» **ASSIGNMENT**
Could you give the listing again exactly, without its pictures?

*** Opening SOURCE MATERIAL ***

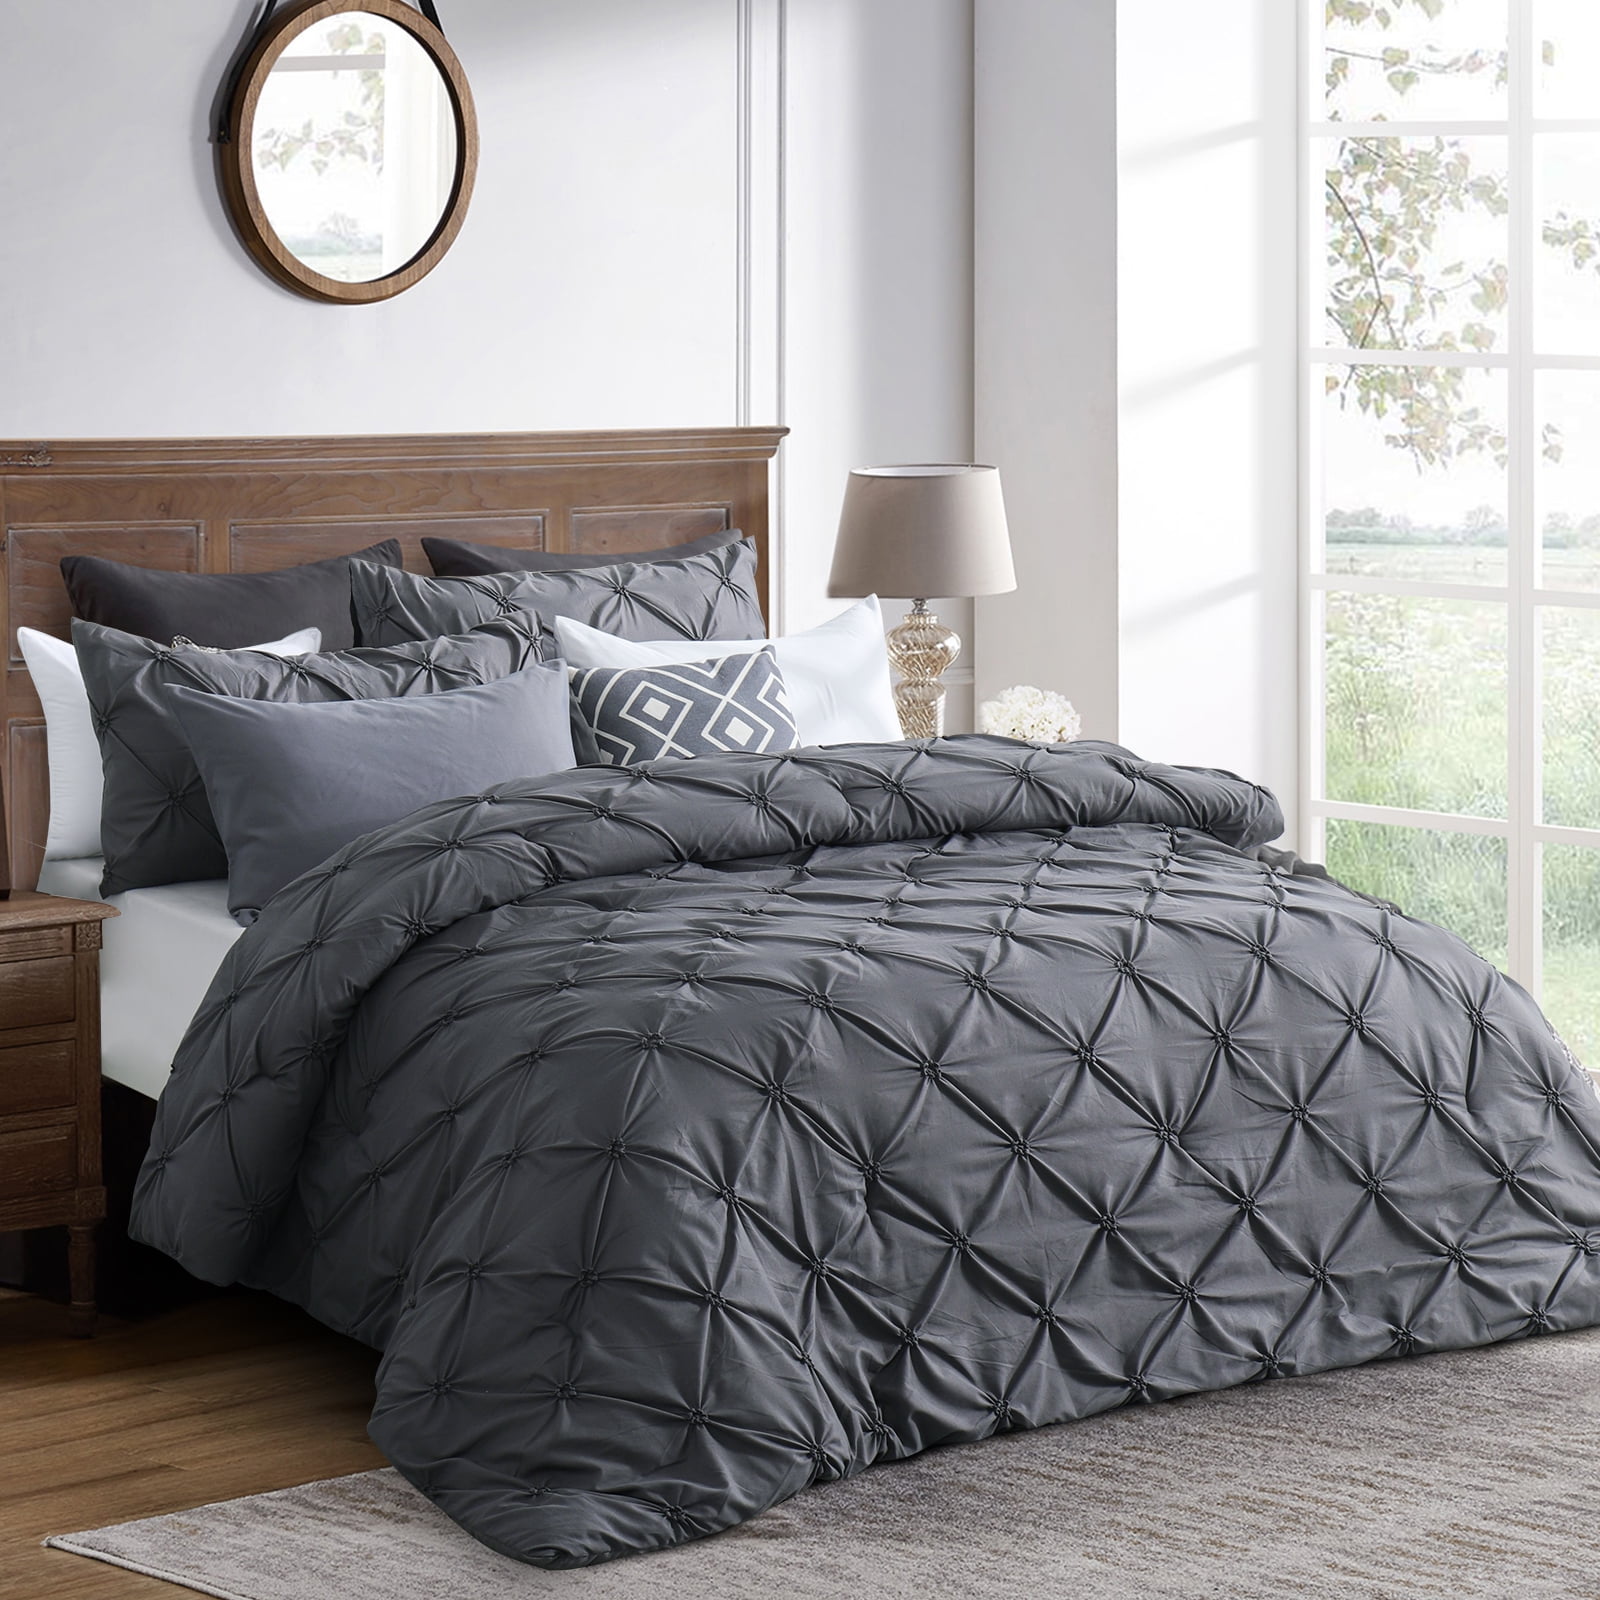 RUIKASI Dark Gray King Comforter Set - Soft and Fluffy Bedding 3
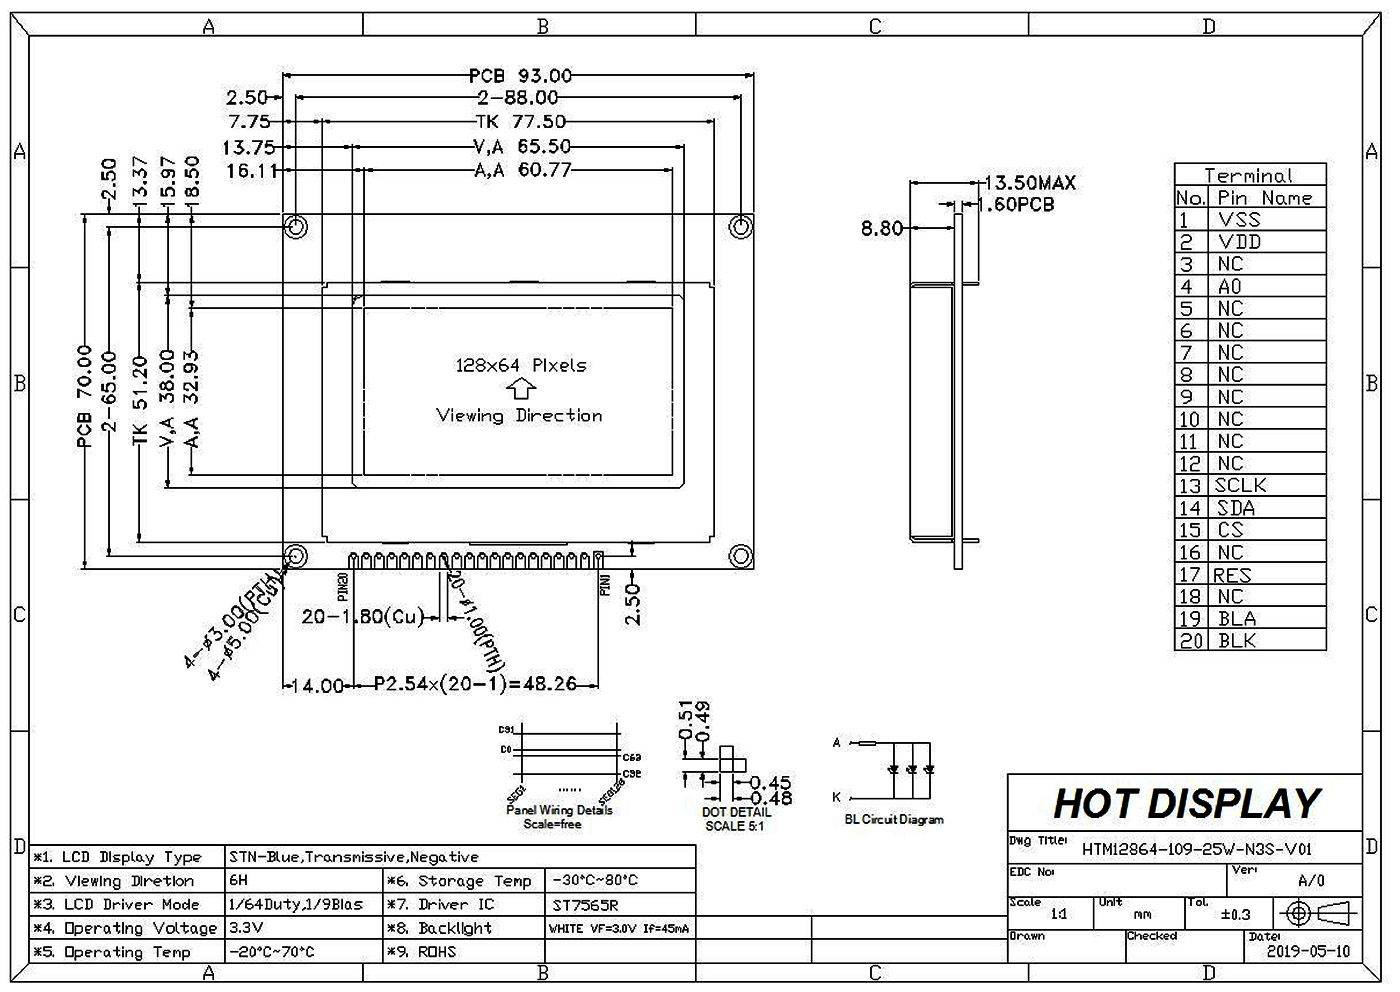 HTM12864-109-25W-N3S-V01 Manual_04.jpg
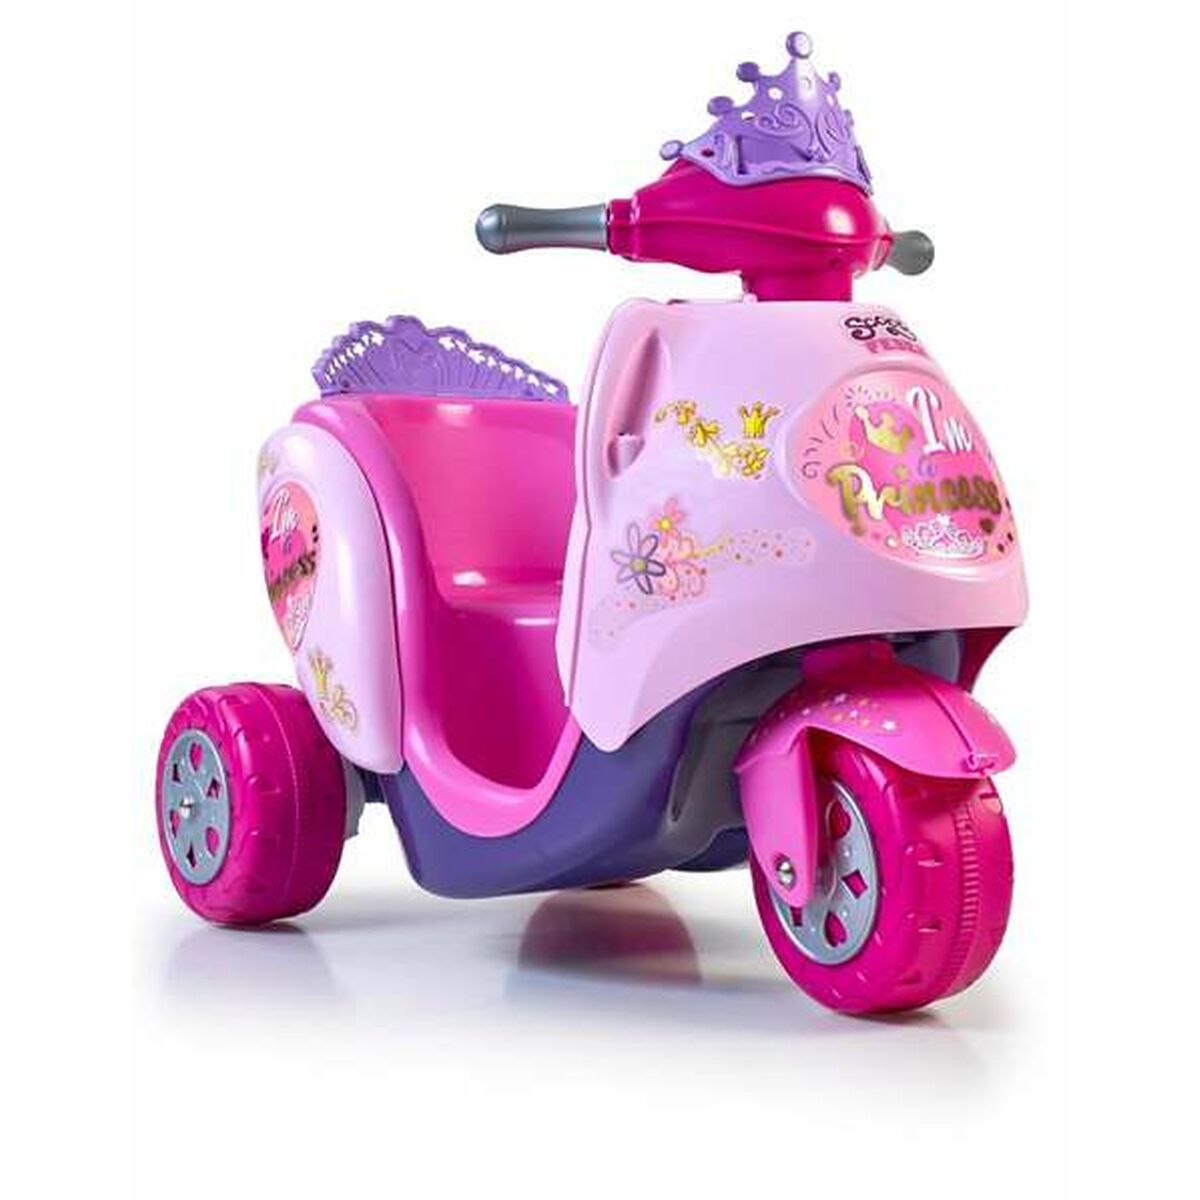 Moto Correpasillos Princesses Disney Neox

*** Closing SOURCE MATERIAL ***

» **ANSWER SECTION**
 RUIKASI Dark Gray King Comforter Set - Soft and Fluffy Bedding 3
 HTM12864-109-25W-N3S-V01 Manual_04.jpg
 Moto Correpasillos Princesses Disney Neox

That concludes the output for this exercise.